In ActionScript, it is possible to check the type at run-time using the is operator:
var mySprite:Sprite = new Sprite();
trace(mySprite is Sprite); // true
trace(mySprite is DisplayObject);// true
trace(mySprite is IEventDispatcher); // true
Is it possible to detect if a variable (extends or) is a certain class or interface with TypeScript?
I couldn't find anything about it in the language specs. It should be there when working with classes/interfaces.
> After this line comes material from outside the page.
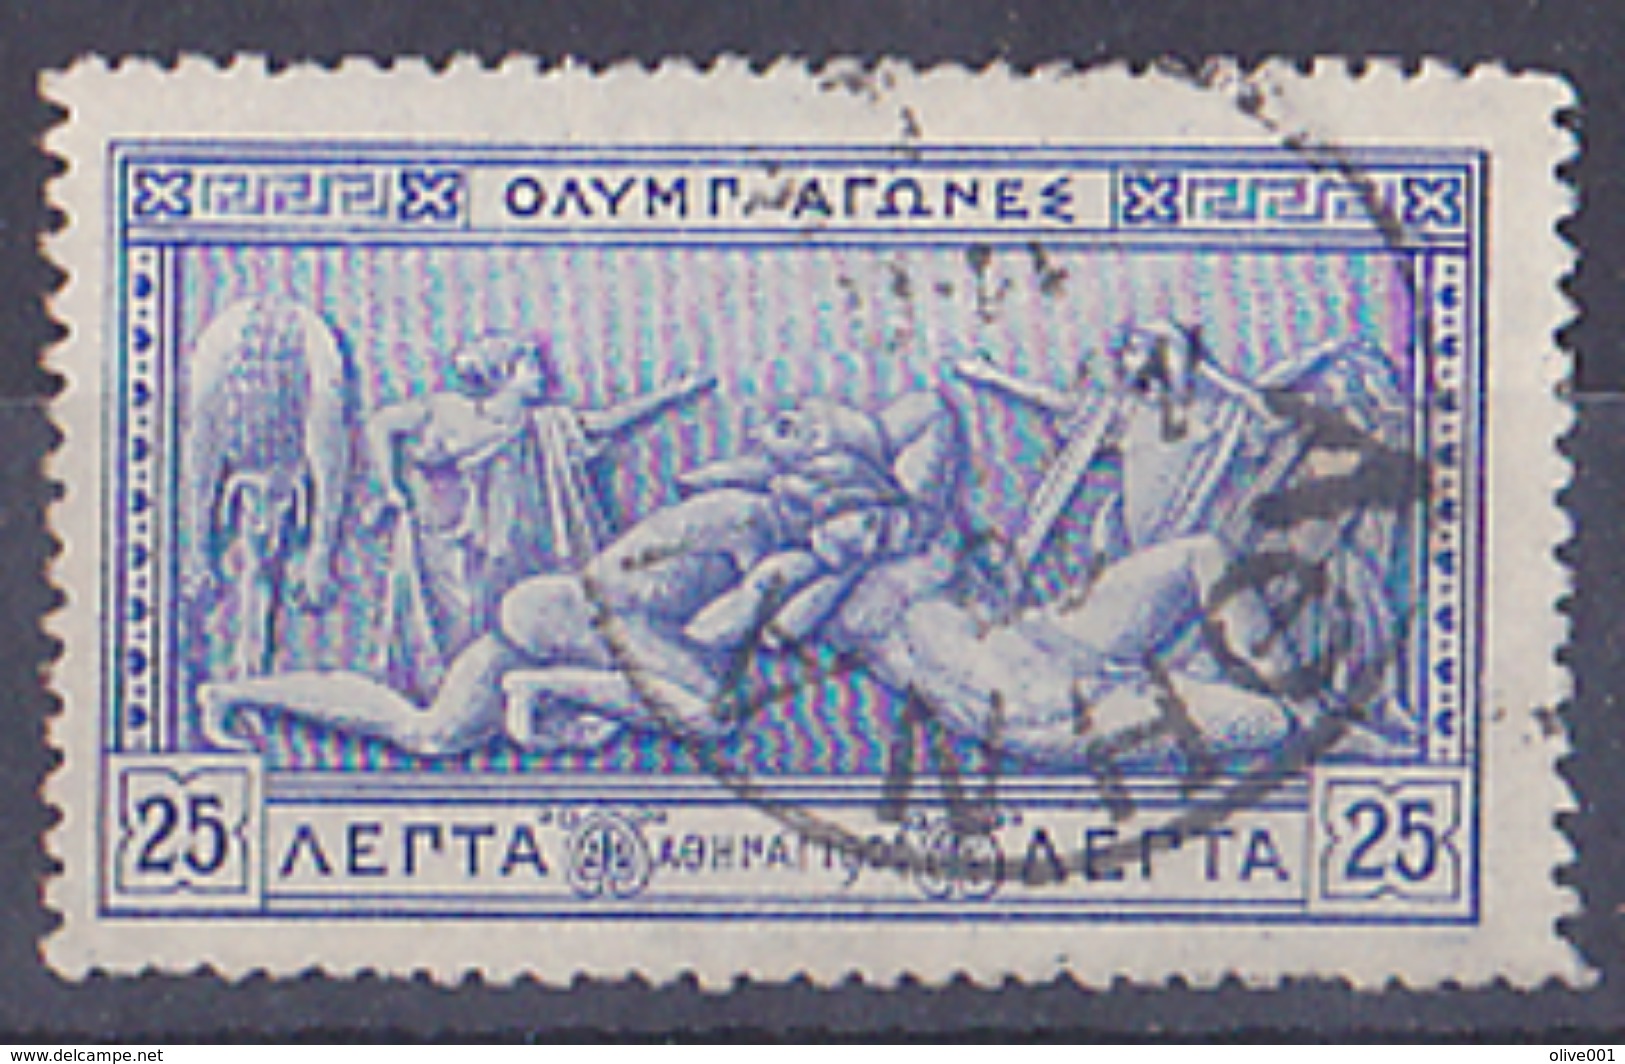 Grèce Athènes 10ème Anniversaire Des 1er Jeux Olympique Moderne 1906 1 Tp Y&T N° 171 Obli Superbe à Avoir Et à Voir - Estate 1896: Atene

4.19.4 The instanceof operator
The
instanceofoperator requires the left operand to be of type Any, an object type, or a type parameter type, and the right operand to be of type Any or a subtype of the 'Function' interface type. The result is always of the Boolean primitive type.
So you could use
mySprite instanceof Sprite;
Note that this operator is also in ActionScript but it shouldn't be used there anymore:
The is operator, which is new for ActionScript 3.0, allows you to test whether a variable or expression is a member of a given data type. In previous versions of ActionScript, the instanceof operator provided this functionality, but in ActionScript 3.0 the instanceof operator should not be used to test for data type membership. The is operator should be used instead of the instanceof operator for manual type checking, because the expression x instanceof y merely checks the prototype chain of x for the existence of y (and in ActionScript 3.0, the prototype chain does not provide a complete picture of the inheritance hierarchy).
TypeScript's instanceof shares the same problems. As it is a language which is still in its development I recommend you to state a proposal of such facility.
See also:
instanceof Narrowing, which shows how instanceof can be used to narrow things
TypeScript have a way of validating the type of a variable in runtime. You can add a validating function that returns a type predicate. So you can call this function inside an if statement, and be sure that all the code inside that block is safe to use as the type you think it is.
Example from the TypeScript docs:
function isFish(pet: Fish | Bird): pet is Fish {
return (<Fish>pet).swim !== undefined;
}
// Both calls to 'swim' and 'fly' are now okay.
if (isFish(pet)) {
pet.swim();
}
else {
pet.fly();
}
See more at: https://www.typescriptlang.org/docs/handbook/advanced-types.html
You can use the instanceof operator for this. From MDN:
The instanceof operator tests whether the prototype property of a constructor appears anywhere in the prototype chain of an object.
If you don't know what prototypes and prototype chains are I highly recommend looking it up. Also here is a JS (TS works similar in this respect) example which might clarify the concept:
class Animal {
name;
constructor(name) {
this.name = name;
}
}
const animal = new Animal('fluffy');
// true because Animal in on the prototype chain of animal
console.log(animal instanceof Animal); // true
// Proof that Animal is on the prototype chain
console.log(Object.getPrototypeOf(animal) === Animal.prototype); // true
// true because Object in on the prototype chain of animal
console.log(animal instanceof Object);
// Proof that Object is on the prototype chain
console.log(Object.getPrototypeOf(Animal.prototype) === Object.prototype); // true
console.log(animal instanceof Function); // false, Function not on prototype chain
The prototype chain in this example is:
animal > Animal.prototype > Object.prototype
You have two types of checks
by ex, the isString check can be performed like this:
function isString(value) {
return typeof value === 'string' || value instanceof String;
}
Although late and already some good answers exists. The proposed solution from @Gilad has the flaw if the assigned content swim exists as Type but the Value is set to undefined. A more robust check would be:
export const isFish= (pet: Fish | Bird): pet is Fish =>
Object.keys(pet).includes('swim');
This solution wouldn't be dependent on the value of swim!